De stichting ziet voor de duur van het leven van [C] af van het vernietigen van dit besluit en gaat uitdrukkelijk akkoord met het instellen van een noodzaak van een vernietiging bij gerechtelijke uitspraak van dit besluit, indien de stichting daartoe zou willen besluiten.
Mocht dit besluit door veranderde wet- of regelgeving of rechtsvorm van de stichting op enig moment niet meer geëffectueerd kunnen worden dan zal de stichting gehouden zijn zich van haar actieve inspanningsverplichting te kwijten om een nieuw besluit te nemen, wat zo dicht mogelijk de bovengenoemde voorwaarden en privileges benaderd.
Mocht de stichting van rechtsvorm veranderen of anderszins defungeren, dan zijn de vereffenaars gehouden om bij een eventuele rechtsopvolger deze clausule op te laten nemen in het taken- en dienstenpakket als onafkoopbare goodwill intrinsiek verbonden aan de rechtspersoon.

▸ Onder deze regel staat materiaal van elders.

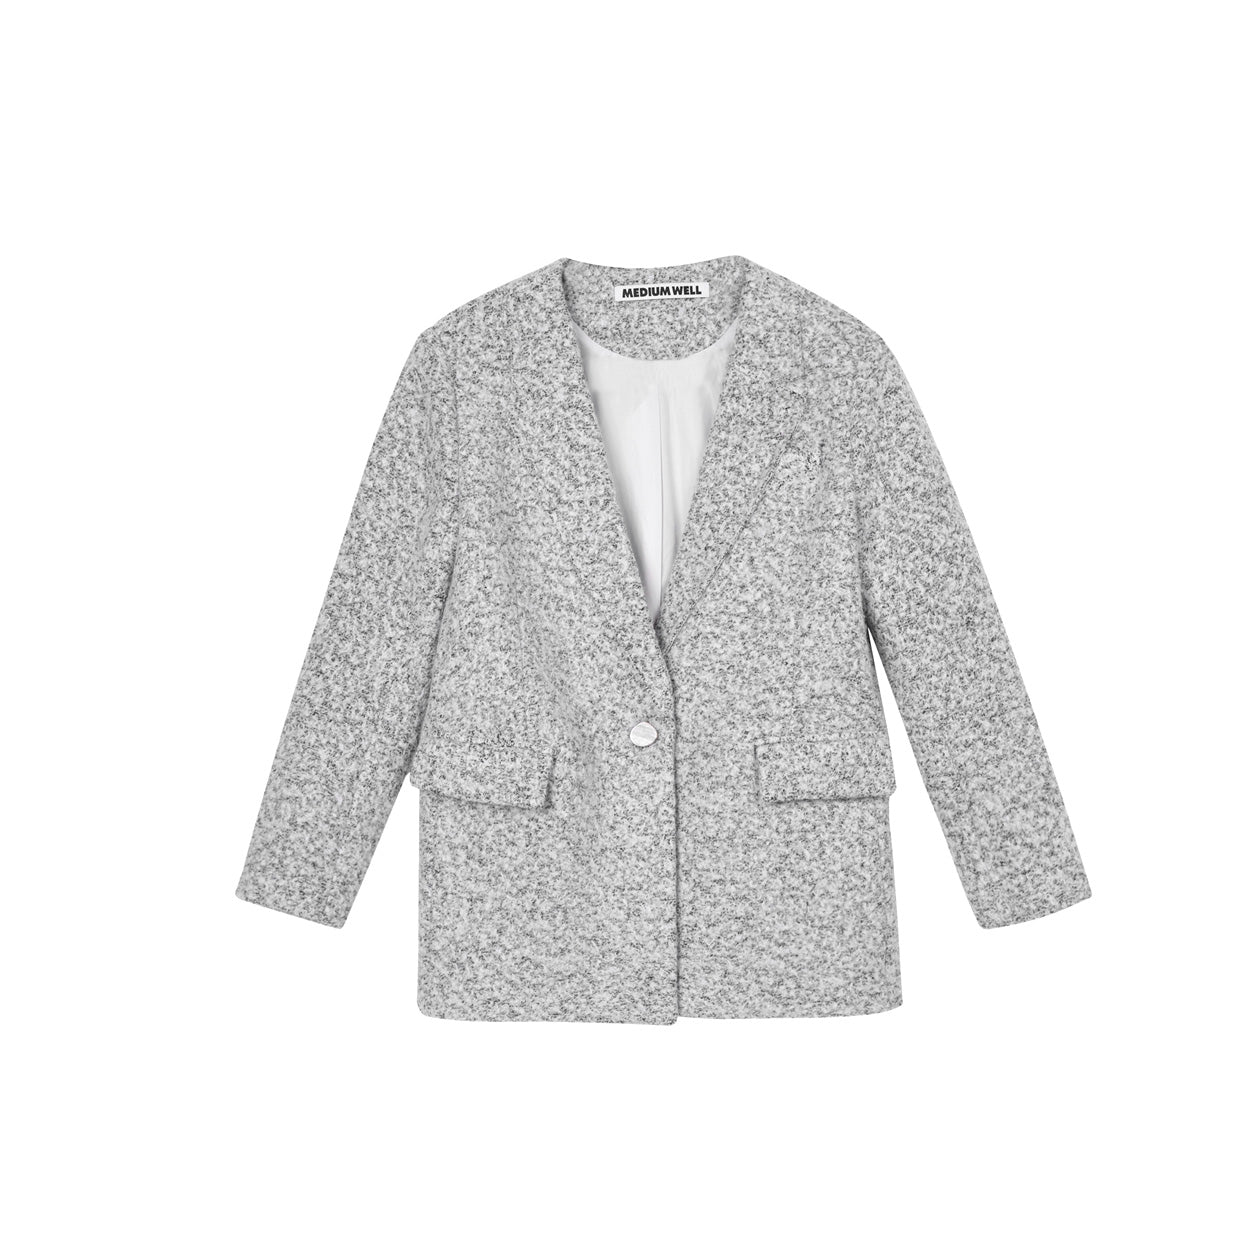 MEDIUM WELL Decorative Collar Fancy Tweed Jacket | MADA IN CHINA

Mocht de stichting zich willen laten opheffen, dan zullen vereffenaars gehouden zijn deze reguliere onafkoopbare goodwill uit te keren uit de boedel na vereffening als een vordering op de vereffende stichting. Deze vordering zal behandeld worden als een preferente schuld, naast overheid en evt. hypotheekverstrekkers.
Deze dienstbaarheid en goodwill is niet overdraagbaar via overerving of anderszins en eindigt voor wat betreft de rechtstreekse dienstbaarheid aan en posities van [C] bij zijn overlijden, met dien verstande dat er nog wel voor zijn evt. hem overlevende huisdieren, onder diezelfde voorwaarden (dwz. gratis) dienstverlening / dienstbaarheid voortgezet wordt.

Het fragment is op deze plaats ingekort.